AAAR 36th Annual Conference October 16 - October 20, 2017 Raleigh Convention Center Raleigh, North Carolina, USA
Abstract View
A Sensor Network for Multiple Hazards in Heavy-Vehicle Manufacturing
THOMAS PETERS, Sinan Sousan, Alyson Gray, Laura Hallett, Geb Thomas, Xiaoxing Liu, Christopher Zuidema, Kirsten Koehler, University of Iowa
Abstract Number: 580 Working Group: Aerosol Exposure
Abstract Personal exposure sampling is the primary means to ensure that gaseous and aerosol hazards in the workplace are maintained below occupational exposure limits, although few exposures are measured to represent a large working population due to costs and time constraints. A novel sensor network for chemical hazards (aerosols, oxidative gas, and CO) and a physical hazard (noise) was developed and deployed in a heavy-vehicle manufacturing facility over a one-year period. Focusing on aerosol sensing, this presentation reviews development of a wireless monitor that served as individual nodes of the network, laboratory testing of 50 monitors, field validation of monitor performance over time, and spatial and temporal observations from network data.

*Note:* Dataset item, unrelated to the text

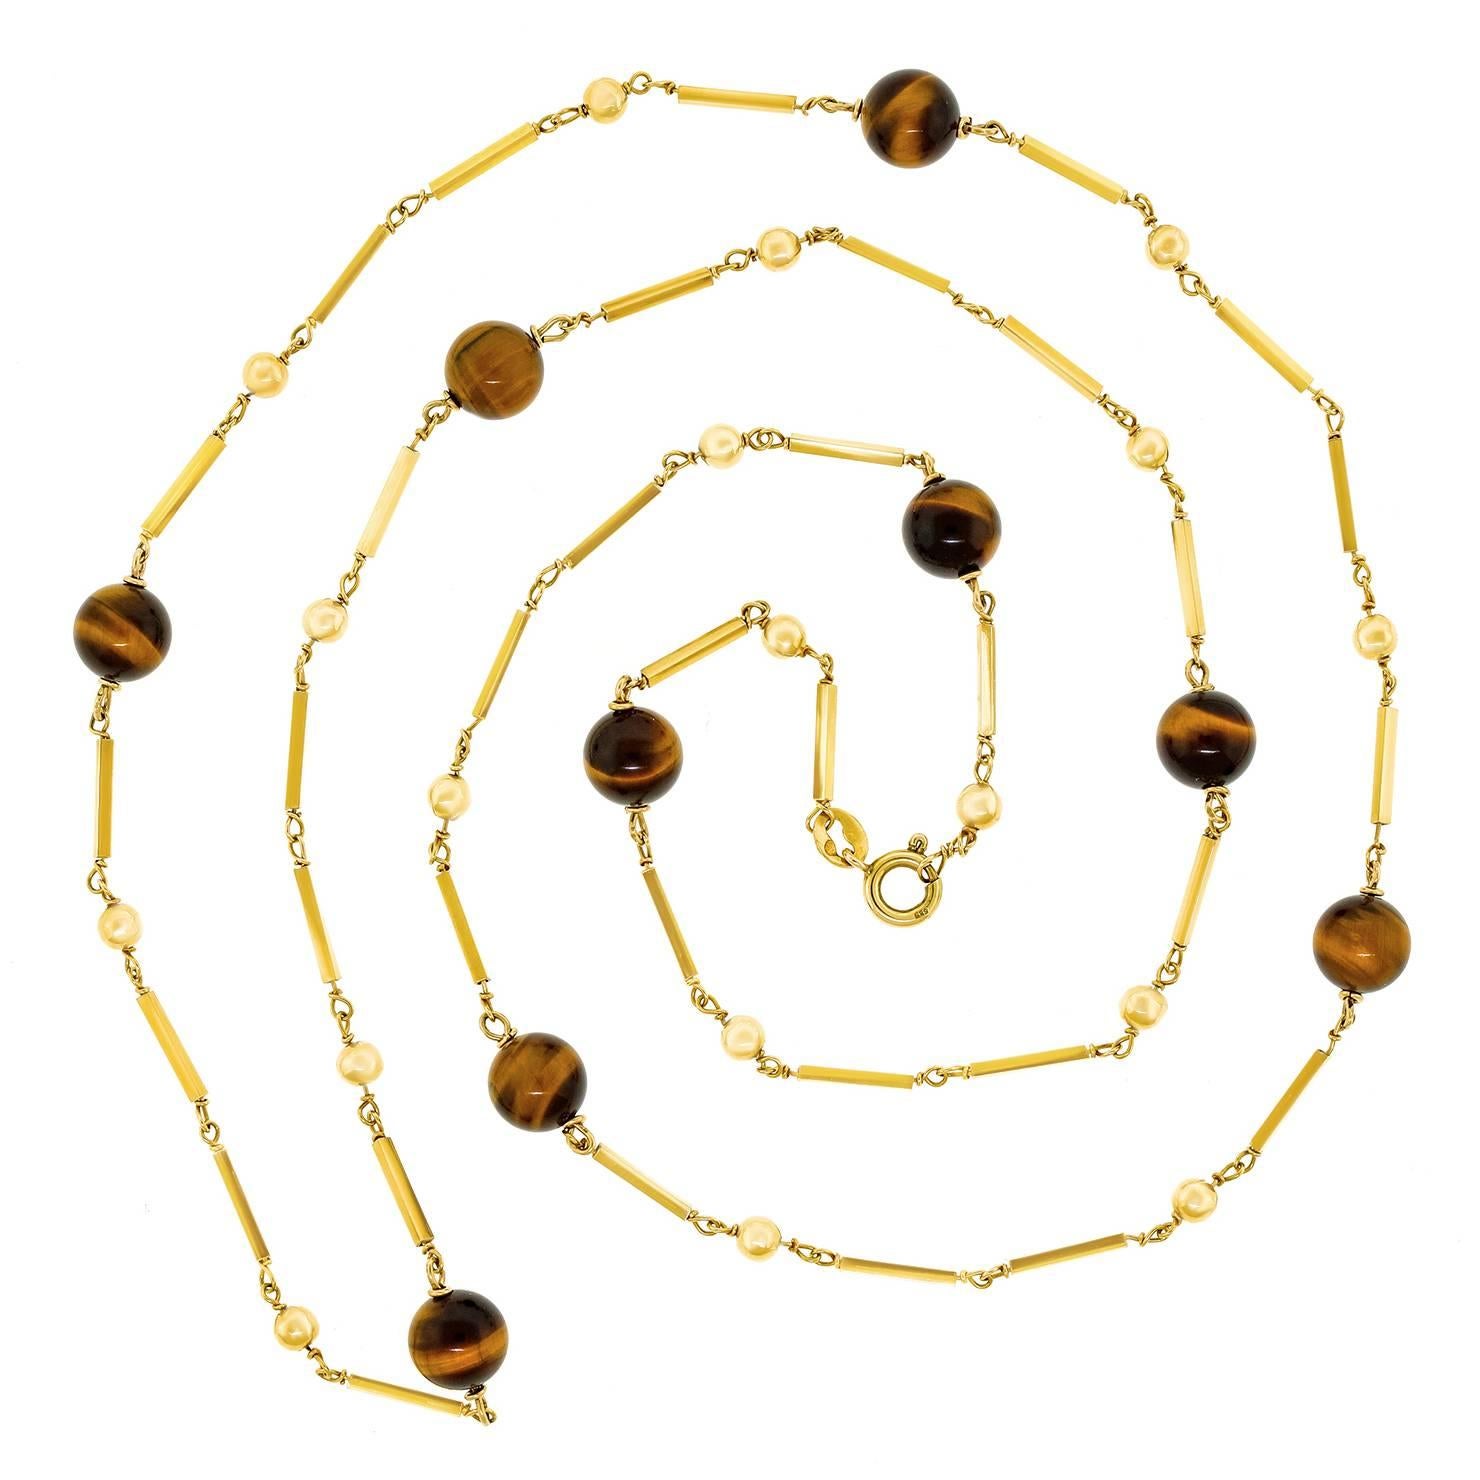 1960s Italian Design Tiger's Eye Gold Necklace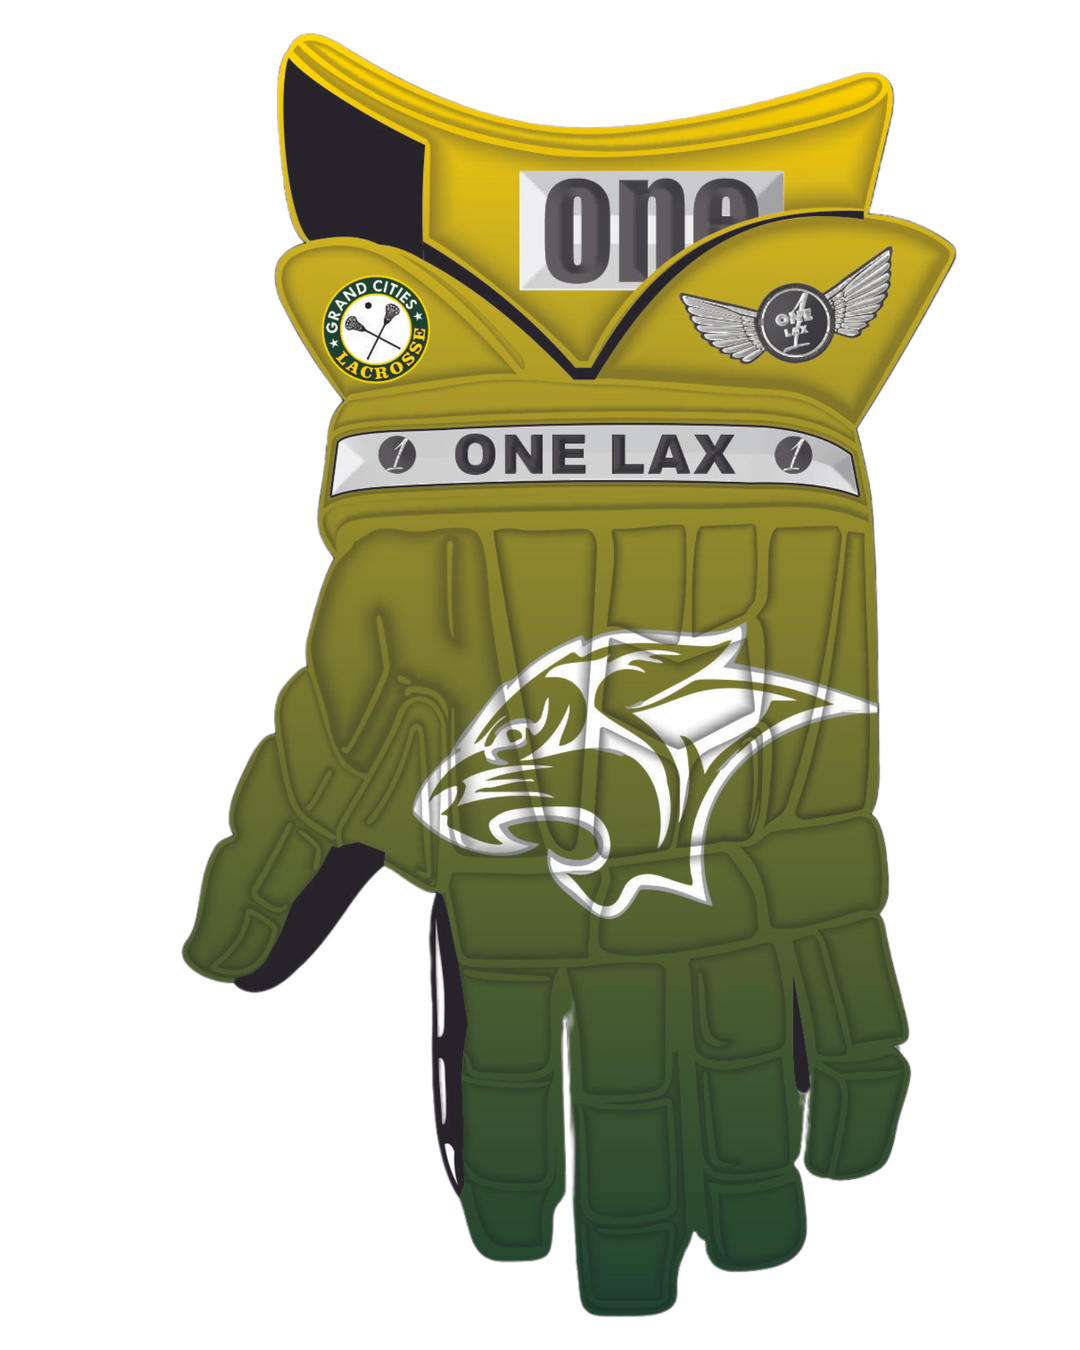 Grand Cities Lacrosse Team | HYBRID Box & Field Lacrosse Gloves - One Lax

Laboratory tests revealed the need to select aerosol sensors 50 units from 100 based on preliminary data that best matched each other to minimize uncertainties in measurement. Field tests showed that active aerosol sensors (Sharp DN) rapidly became dirty (days to weeks), which caused substantial drift in zero values. Passive samplers (Sharp GP) provided similar information as the active sensors with substantially less zero drift. Comparison of monitor data compared to that from a reference photometer and gravimetric samplers demonstrated the value in performing periodic field verification of sensor performance. Temporal-spatial analysis of network data showed how aerosols move through the facility, enabling identification of key sources and targets for upgrades in controls. This type of network monitoring has potential for dramatically increasing the sample size, even if somewhat less accurate and precise than conventional sampling, upon which important decisions in industrial hygiene practice are made. Such a network may also facilitate medical surveillance and epidemiological study.